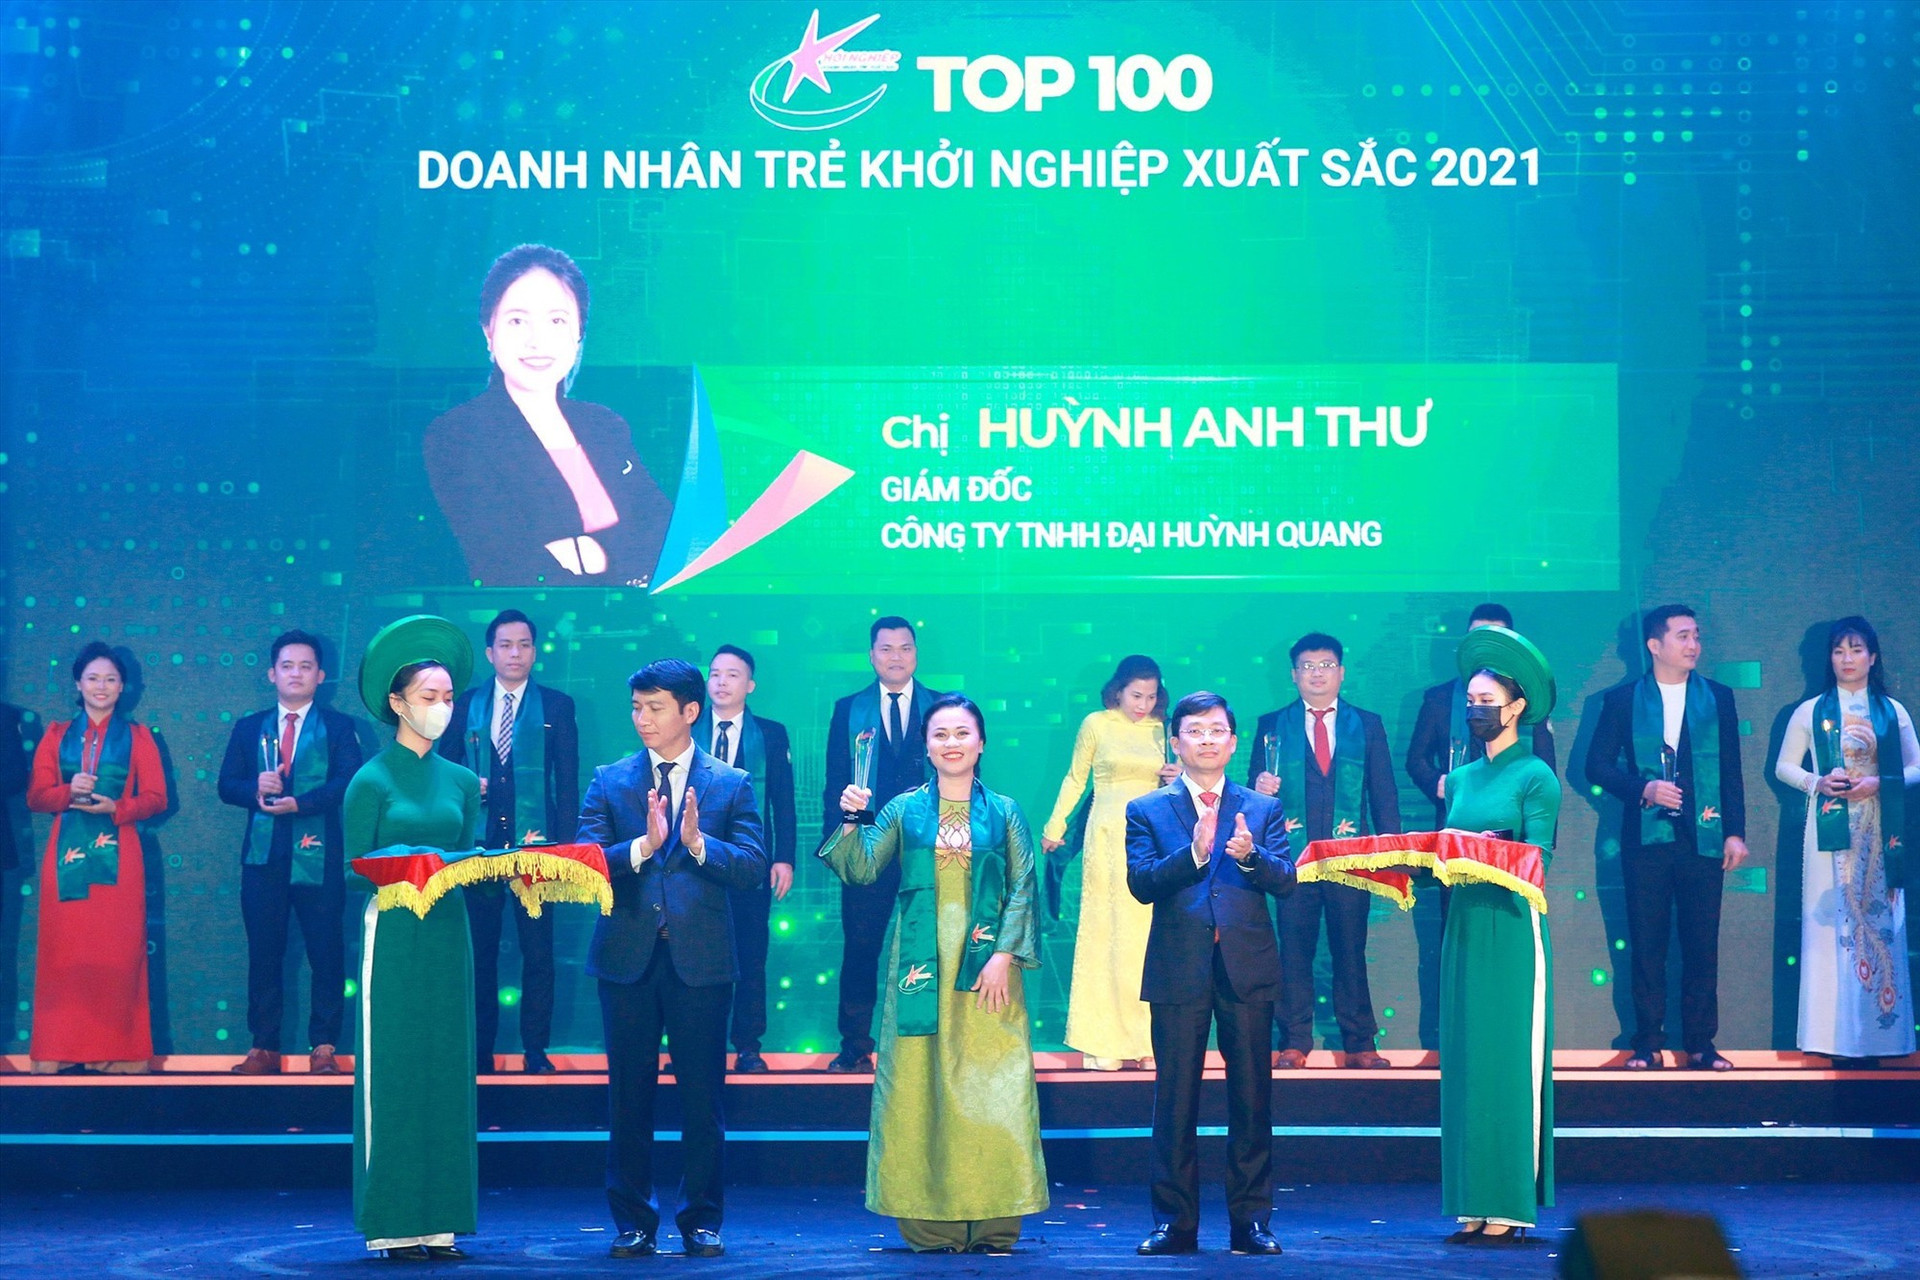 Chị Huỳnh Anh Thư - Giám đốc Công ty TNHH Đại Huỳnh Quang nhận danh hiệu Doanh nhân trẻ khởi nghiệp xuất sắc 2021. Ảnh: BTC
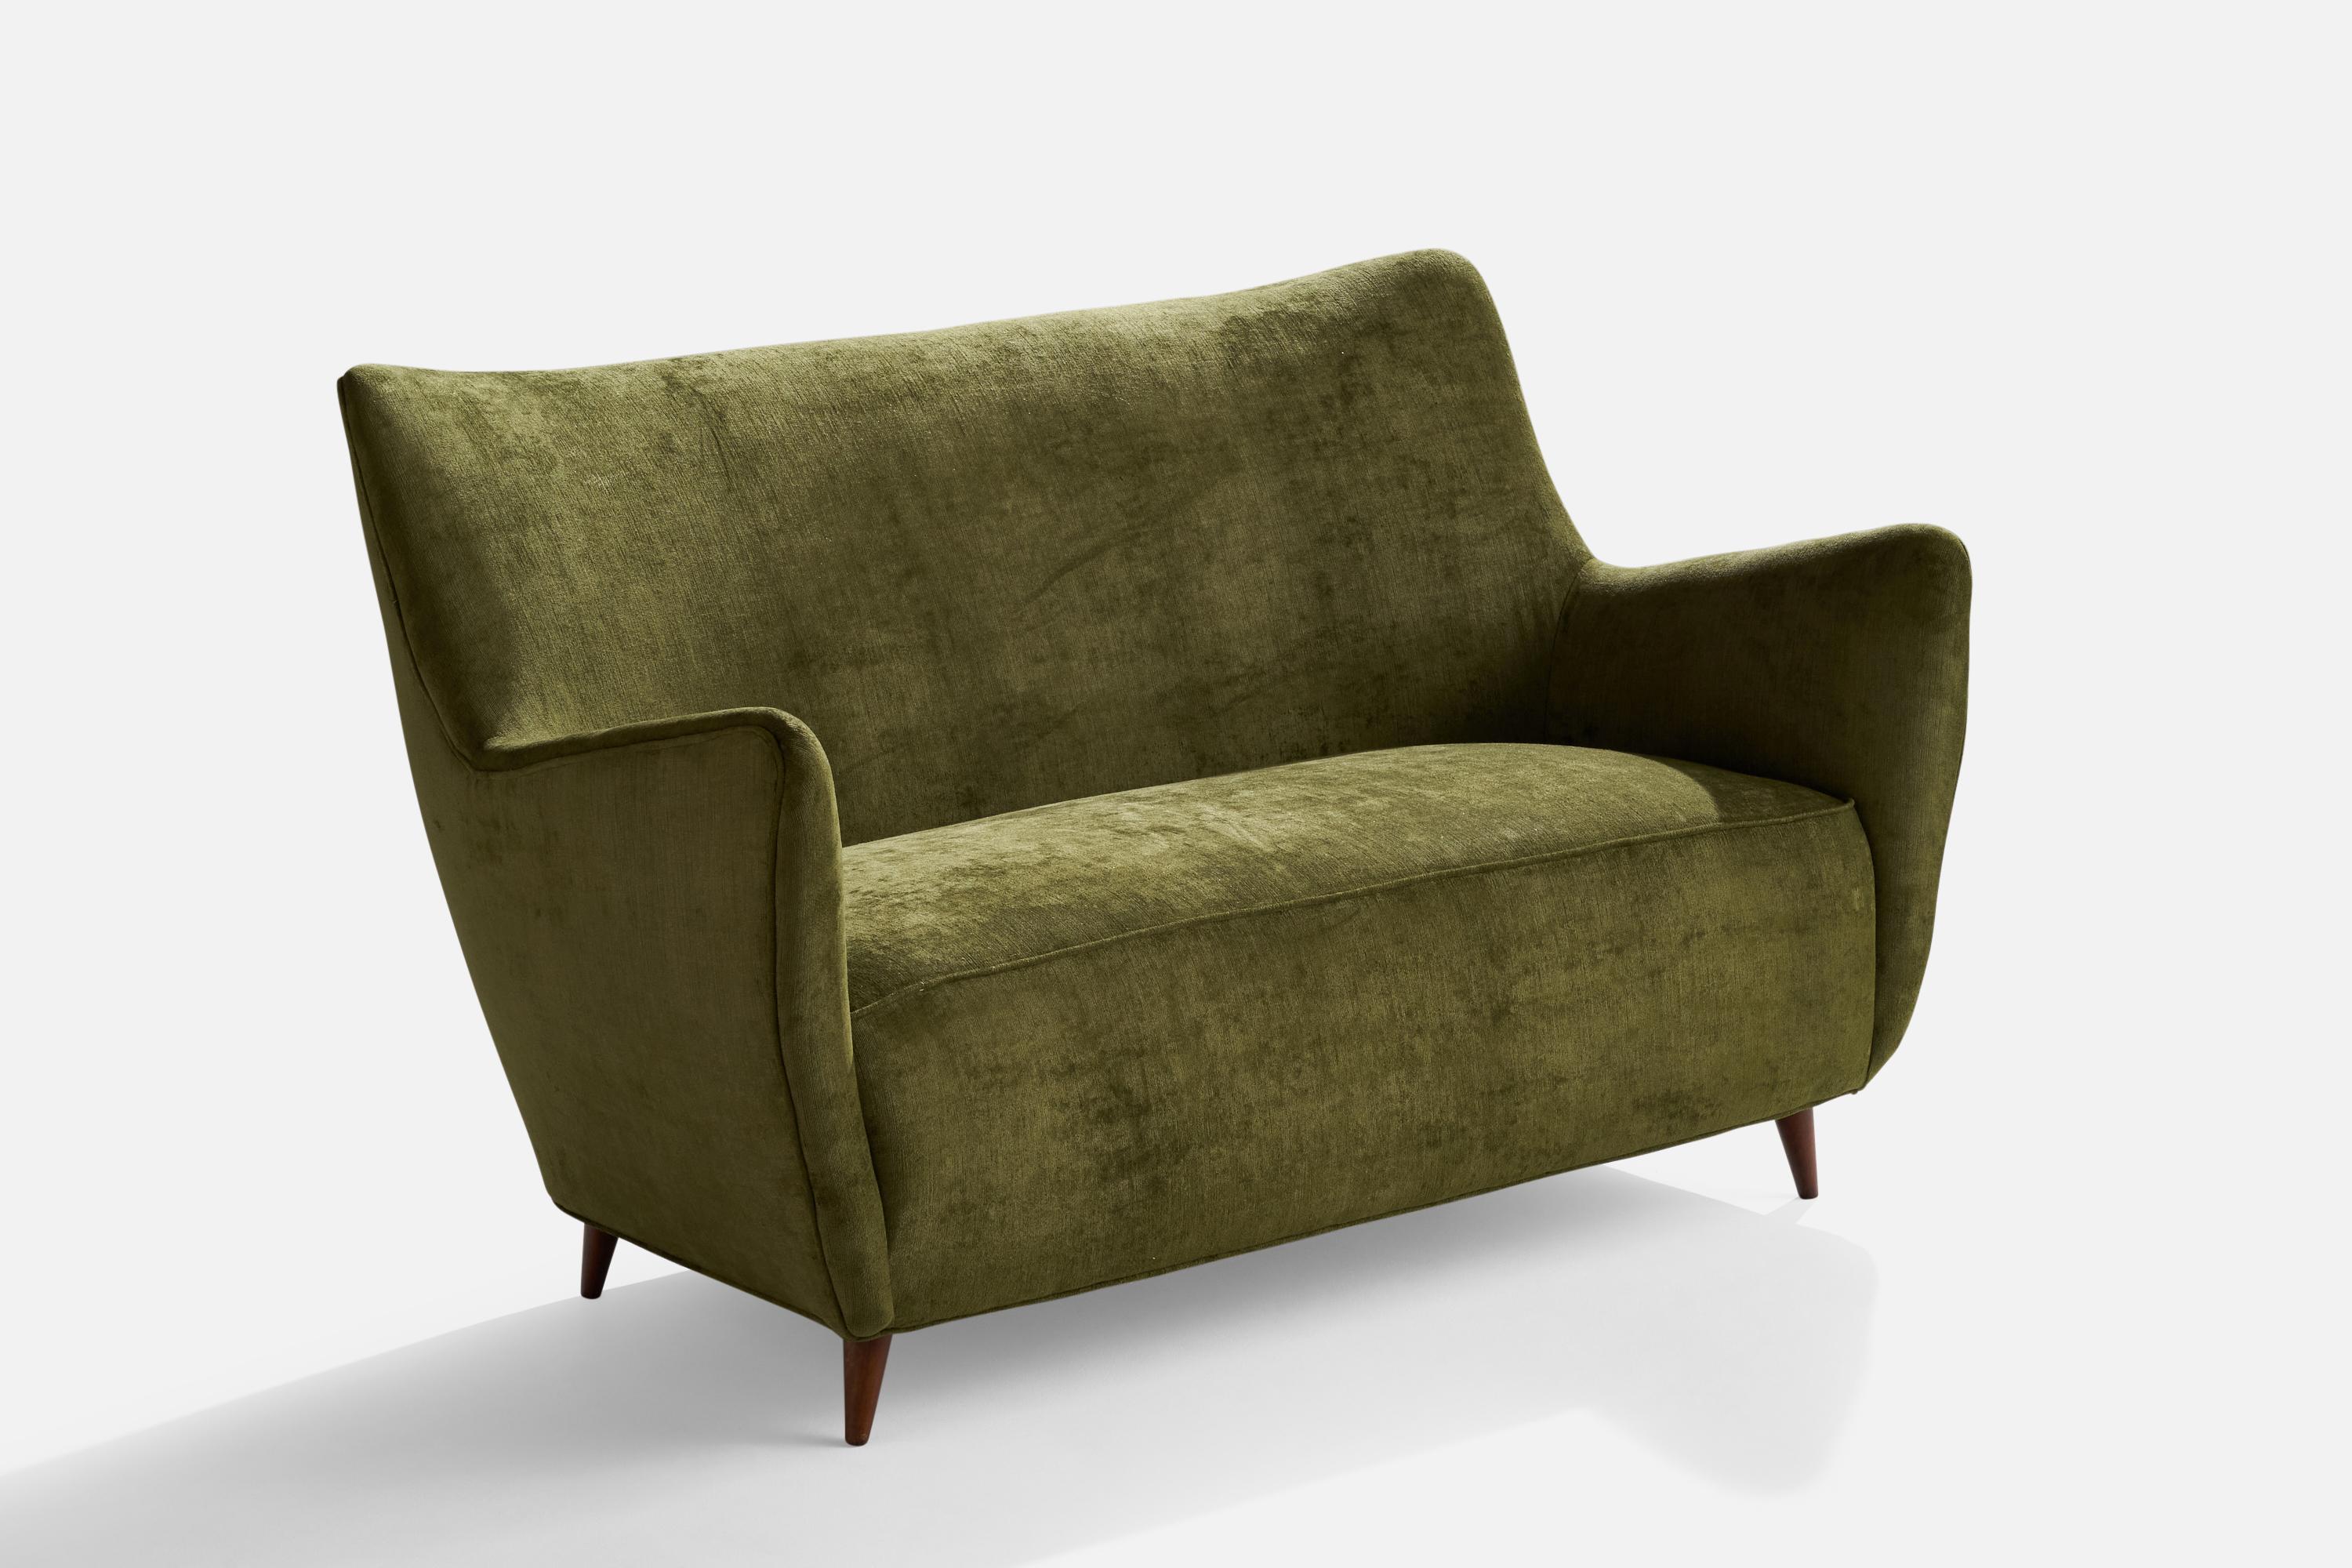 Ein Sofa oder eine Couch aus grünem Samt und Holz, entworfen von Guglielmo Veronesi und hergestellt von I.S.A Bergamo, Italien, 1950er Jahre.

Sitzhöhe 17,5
----
### What you will do
The answer should match the material exactly, with every picture removed.

### Reply
 Chị Huỳnh Anh Thư - Giám đốc Công ty TNHH Đại Huỳnh Quang nhận danh hiệu Doanh nhân trẻ khởi nghiệp xuất sắc 2021. Ảnh: BTC
 Ein Sofa oder eine Couch aus grünem Samt und Holz, entworfen von Guglielmo Veronesi und hergestellt von I.S.A Bergamo, Italien, 1950er Jahre.

Sitzhöhe 17,5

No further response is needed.